巴席伯爾想開口,卻因為不知道該說什麼,只好閉嘴.畢竟他的上司便是個討厭精靈的人,現在也有許多人排斥精靈,或者把精靈當成家畜一樣利用.夏德亞尼說得沒錯,這是事實.

「嗯,我沒有意思要把人類貶成笨蛋,畢竟被那些人類騙走的精靈搞不好更笨呢!總之,不論人類或是精靈,都有些無藥可救的家伙……跟這種情況相比,族群問題或是種族歧視都算是小事吧.」

「這些話從你的口中說出來,讓人覺得格外沉重啊……」

「抱歉,我的內在跟外表不一樣,就是這樣的一個老頭子羅.」

夏德亞尼聳聳肩說.

他抓起托盤上的咖啡,一飲而盡,接著露出一臉跟巴席伯爾一樣的厭煩表情.「我總覺得不管是人類或是精靈,彼此都只能帶給對方負面的影響……」

「你的意思是說,如果這兩種生物沒有碰在一起會比較好嗎?」

「我想心里存有這種想法的人,接下來肯定會出現的.」

夏德亞尼帶著感歎的語氣說.



——神曲代表的是演奏者的靈魂形制.

這句話聽在精靈或是神曲樂士關系者的口中一定不陌生,但它的內涵除了詩意,恐怕不能進一步代表些什麼.畢竟若是沒有人可以回答「靈魂究竟是什麼樣的東西?」這個問題,便表示上述這句話說了等于沒說……至少有許多研究者是這麼想的.
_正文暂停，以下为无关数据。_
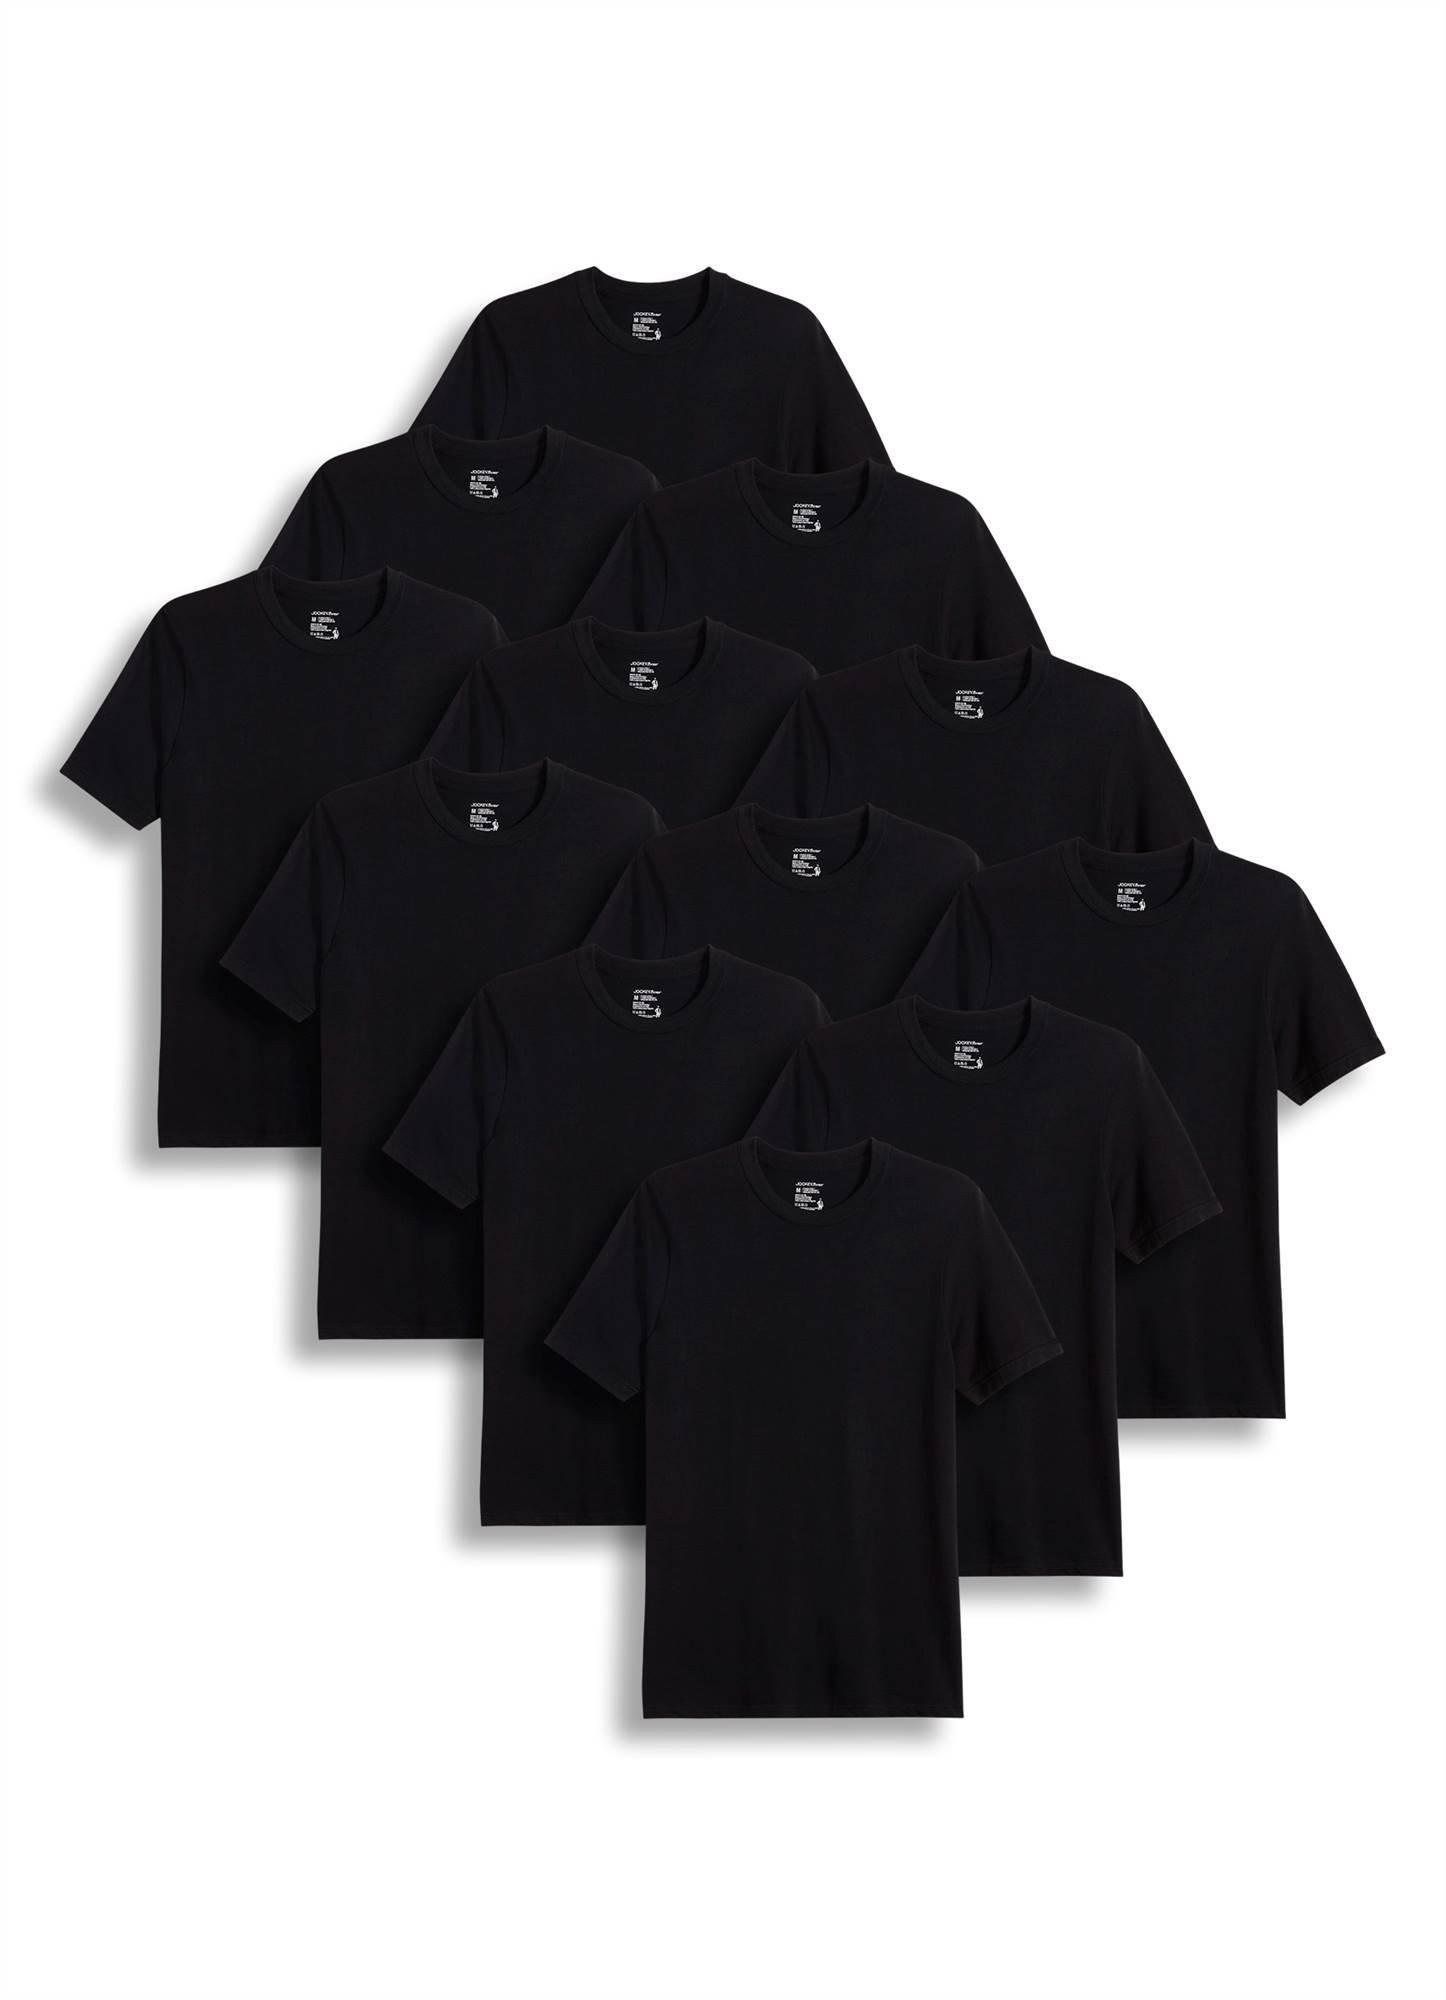 Jockey Men's T-Shirts Big & Tall Classic Crew Neck T-Shirt - 12 Pack, Black, 2XL
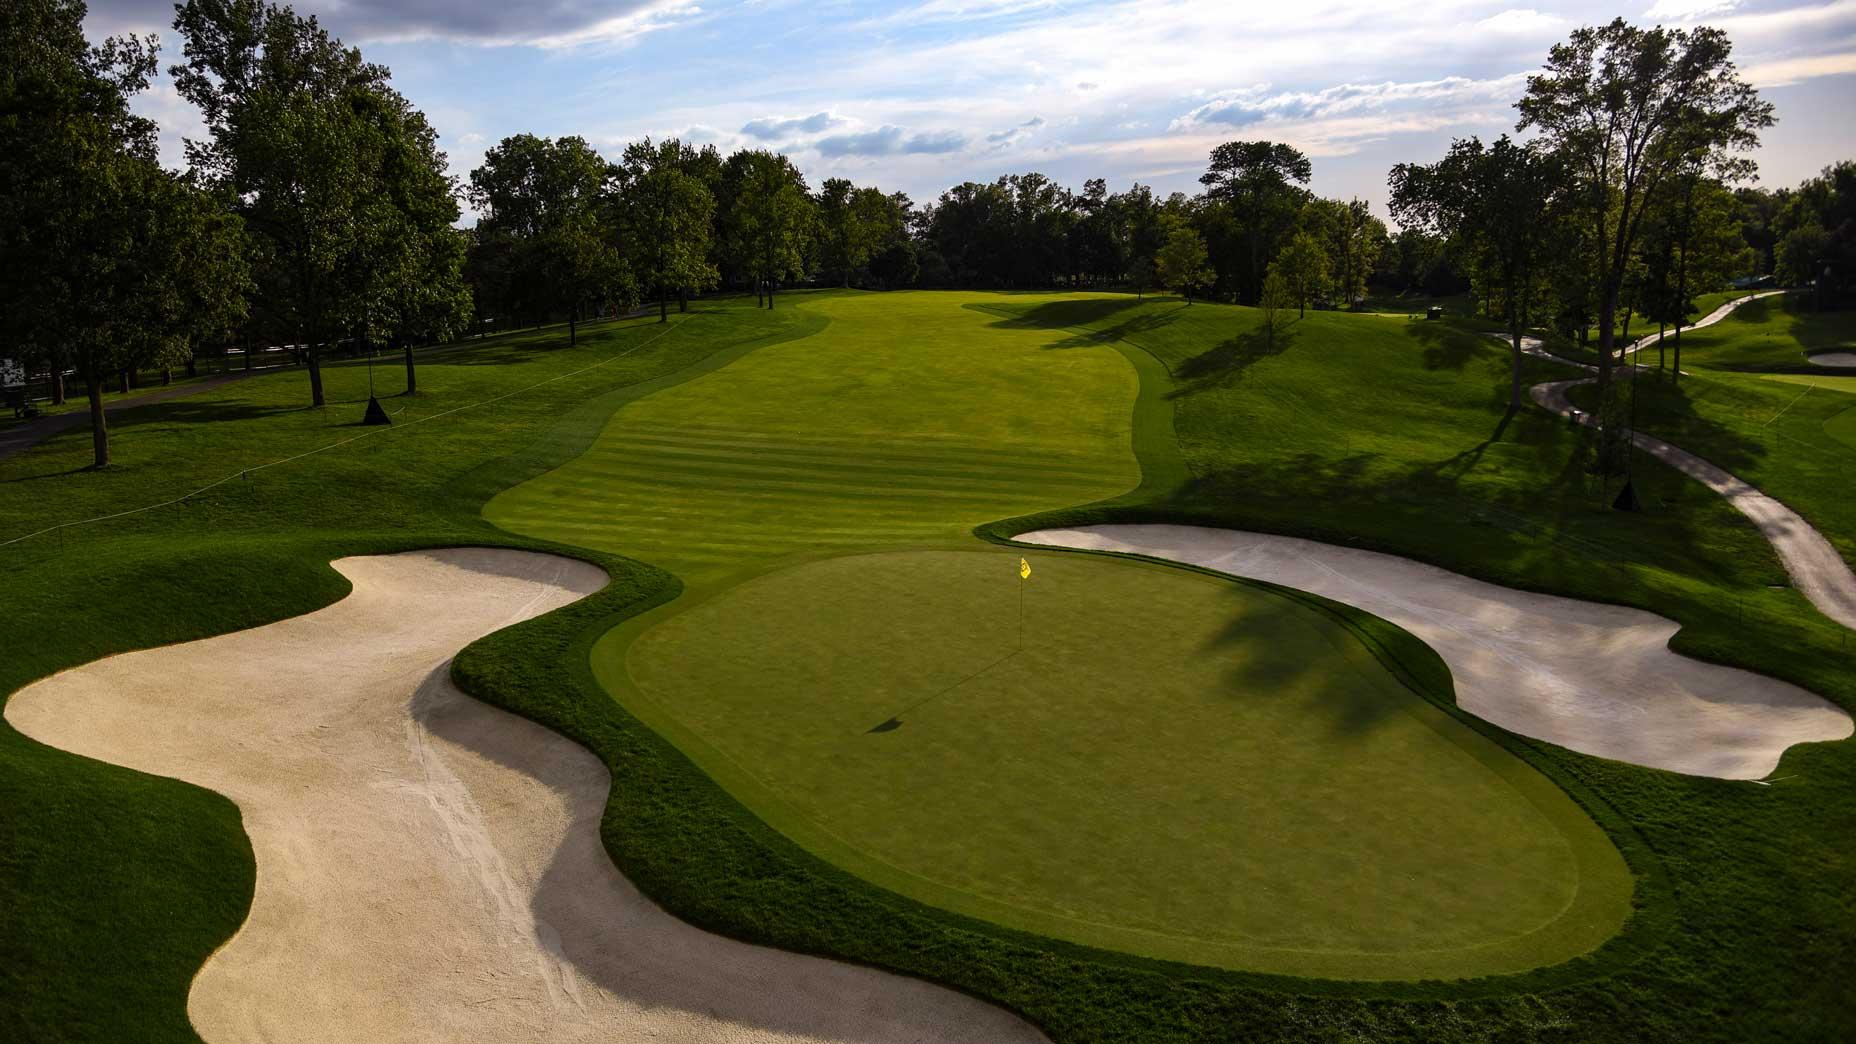 The par-4 13th hole at Muirfield Village Golf Club in 2017.

然而,對于靈魂,一般觀點——或者說是字典上對于這個詞彙的解釋——認為「靈魂」代表的是人類或是其他生物的本質,是我們得以儲存記憶,孕育出人格的根本.也就是說,在靈魂之上附加記憶跟體驗,才得以醞釀出每個人的人格.

想當然耳,我們表現于外在的行動跟表情並非「靈魂」,畢竟環境當中出現了許多表現媒介的影響,不能忽略這些影響.

具體而言,靈魂只是一種素材,神曲樂士的精神狀態不同,表現出來的也將會是截然不同的神曲——或者說,只要利用不同的表現方式呈現自己的靈魂,神曲樂士可以演奏出支援戰斗用的神曲,或是鎮靜用的神曲等等,讓神曲產生諸多不同的功效.

技術卓越的神曲樂士甚至可以讓其靈魂呈現出完全不同的形貌.

在塔塔拉·佛隆的記憶中,過去交手過的敵人——聖德拉·波爾森就是這種典型的神曲樂士.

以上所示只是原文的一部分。